GitHub Issue Bot Research & Implementation Plan

Phase 3 Shipped

Phase 1 (Information Request Bot) shipped in v2.7.4 (PR #2135). Phase 2 (Solution Suggester) adds AI-powered matching against the troubleshooting guide and configuration docs using Gemini. Phase 3 (Duplicate Detector) compares new issues against a pre-processed index of open and recently closed issues via Gemini Flash. All three phases produce a single consolidated comment per issue. Phase 4 (enhancement context) is planned for the future.

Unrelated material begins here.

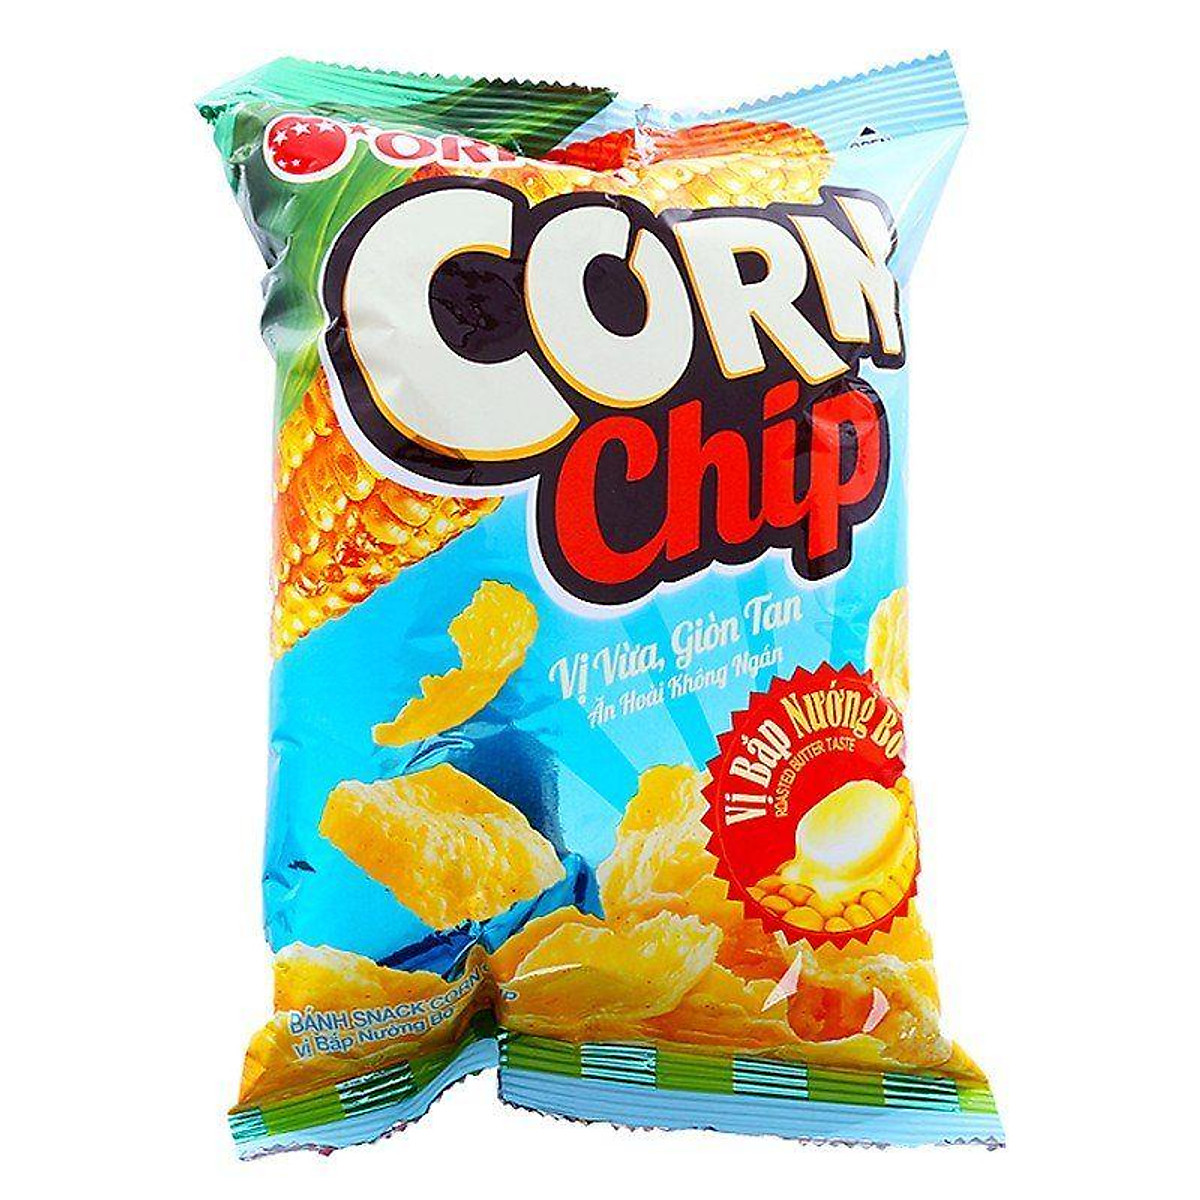 Snack Vị Bắp Nướng Bơ Corn Chip Gói 60g-8936036025996 - Bim bim ...

Status: Phase 1 ✅ Shipped (v2.7.4) | Phase 2 ✅ Shipped | Phase 3 ✅ Shipped | Phase 4 planned Date: February 2026 Issue: Investigation for intelligent GitHub issue automation Author: Claude AI Assistant Dependencies: None (builds on existing infrastructure)

Executive Summary

This document investigates implementing an intelligent GitHub issue bot for Teams for Linux that could:

Suggest solutions for common issues using existing documentation
Detect potential duplicate issues from historical data
Trigger research jobs for enhancement requests
Request clarification and logs from reporters
Reduce maintainer workload by automating initial triage

Key Principle

The bot should use humble, suggestive language ("might", "could", "this appears to be similar to") rather than definitive statements. It assists maintainers rather than replacing human judgment.

1. Problem Statement

Current Pain Points

Duplicate Issues: Users report issues that have been solved before or are known limitations
Missing Information: Bug reports often lack logs, version info, or reproduction steps
Enhancement Noise: Feature requests without context or prior research
Maintainer Time: Manual triage consumes significant maintainer bandwidth
Knowledge Gap: Users don't know about existing solutions in documentation

Opportunity

The repository has rich structured data that could inform an intelligent bot:

Troubleshooting guide (docs-site/docs/troubleshooting.md) - Common issues and solutions
16 research documents with detailed feature investigations
13 ADRs documenting technical decisions and rejected approaches
Issue templates with structured fields (version, package type, reproduction steps)
Historical closed issues (patterns of what worked)
Roadmap showing planned/blocked/rejected features

2. Proposed Bot Capabilities

2.1 Solution Suggester (Bug Reports)

Trigger: New issue with bug label or using bug report template

Behavior:

Analyze issue title and description
Search troubleshooting guide and closed issues for matches
If match found, comment with suggestive language:

👋 Thanks for reporting this issue!

This might be related to a known issue. Here are some things that could help:

**Possible matches from our troubleshooting guide:**
- [Blank Page at Login](../../troubleshooting.md#issue-blank-page-at-login) - If you're seeing "Microsoft Teams - initializing"
- [Application Cache Issues](../../troubleshooting.md#issue-application-fails-to-launch-after-update) - If this started after an update

**Could you try these steps?**
1. Clear the application cache: `rm -rf ~/.config/teams-for-linux/Cache`
2. Restart the application

If this doesn't help, please share:
- Your Teams for Linux version (`teams-for-linux --version`)
- Your package type (AppImage, deb, rpm, snap, flatpak)
- Console output when running with debug logging:
  `teams-for-linux --logConfig='{"transports":{"console":{"level":"debug"}}}'`

*I'm a bot providing suggestions based on documentation. A maintainer will review this issue.*

Language Guidelines:

"This might be related to..."
"You could try..."
"This appears similar to..."
"If I'm understanding correctly..."
Never: "This is a duplicate" or "You should do..."

2.2 Duplicate Detector

Trigger: New issue opened

Behavior:

Generate embeddings from issue title + body
Compare against embeddings of open issues and recent closed issues
If similarity score > threshold, suggest possible duplicates:

🔍 This issue might be related to existing discussions:

**Potentially related open issues:**
- #1987 - "Tray icon doesn't show logout state" (75% similar)
- #2015 - "Camera stays on after screen lock" (68% similar)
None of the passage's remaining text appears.